The question is, where do I go?
Running is a good resource in these moments. There’s something about running that makes me feel like I am doing something with my life. Like I am moving forward in some capacity.
For a while I was struggling to hear the voice inside of myself. I felt like it was drowned out by the world around me. Recently on a Saturday afternoon, I laid down in my bed, put on my noise canceling headphones, and closed my eyes. Alone in my own studio apartment, I needed a little solitude. I think I might be overstimulated.
So I was thinking, maybe if I lay in my bed for a little while. Or in the sun. Maybe if I let the warmth seep into my skin, and I give my brain a moment to empty itself. Maybe if I take breath deep enough to reach the depths of my lungs. If I give myself a break from everything.
Maybe then my brain will come up with an original thought.
What I’m looking for is a feeling pulling me in a direction. Any direction. Rather than indecision and going in circles. I would perhaps like to be overcome with some emotion — something that pushes a button in my brain that creates some sort of creative epiphany or realization.
Maybe if I stared up at the sky for a while and got lost in the never ending vastness.
Lately I’ve been asking myself “is this what I really want? Or is this what people are telling me I want?” And let me tell you, it’s becoming harder to discern. What if I knew what I really wanted? Then I could chase it!

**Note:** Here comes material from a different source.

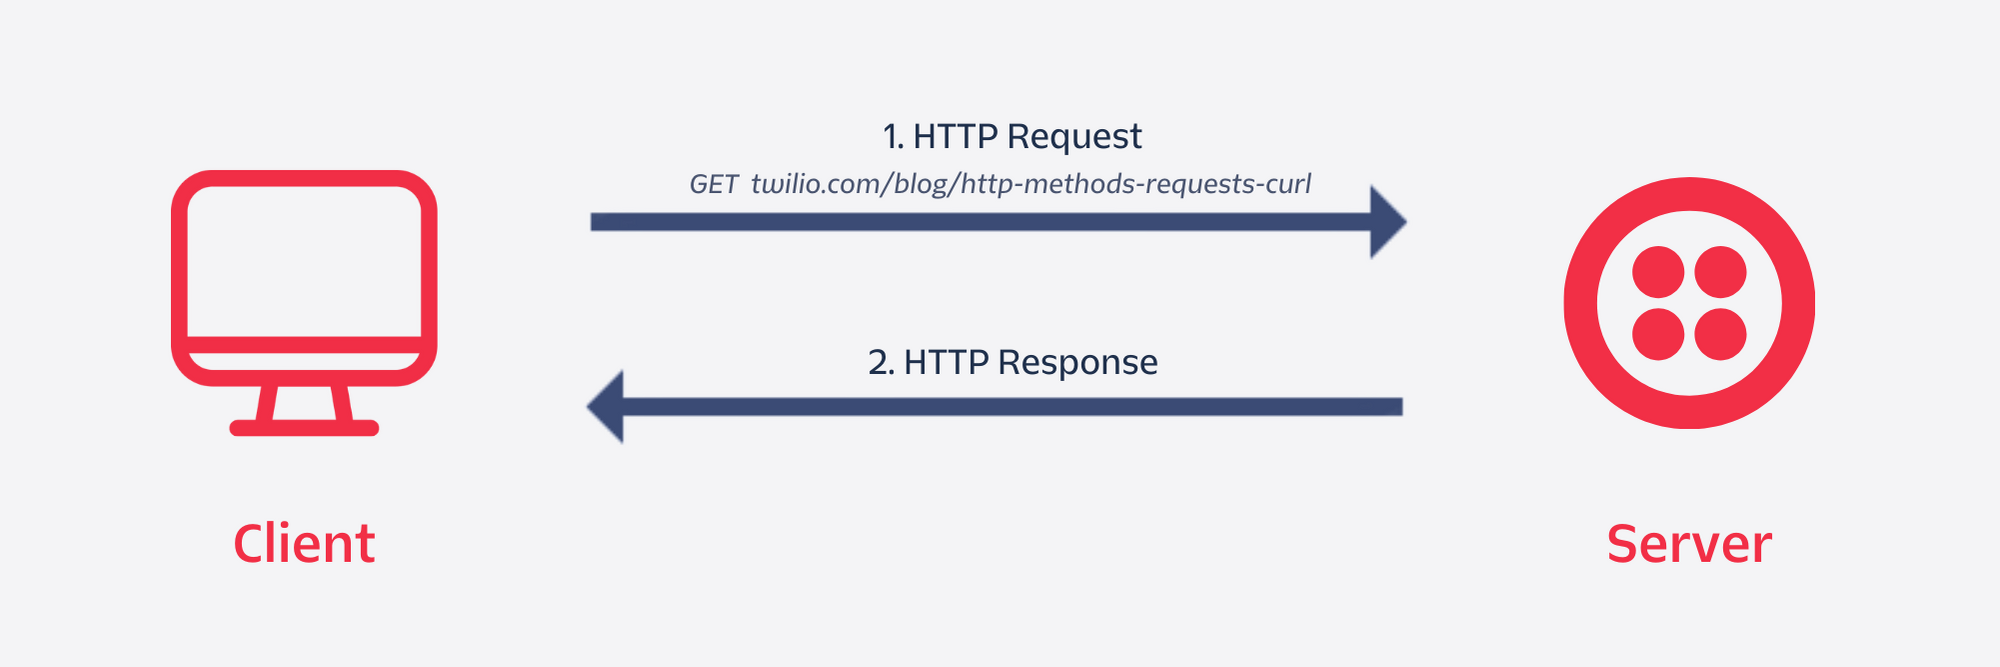 HTTP Request Flow diagram

At the moment, I think I would enjoy diving into a pool and sinking down below the surface for a minute. Holding my breath and letting the water fill my ears and surround me. No sound — a quiet expanse where my thoughts are allowed space. If I could quiet my mind… could I hear the small, but true voice deep inside myself?Instead of being bombarded with everything all at once.
Maybe I should take a long shower and focus on the feeling of water on my skin. Sometimes I wish I had a radio that would choose one song for me, like it used to in my car from 7 years ago.
So, I ask myself, “What do you want?” And I patiently wait for a reply.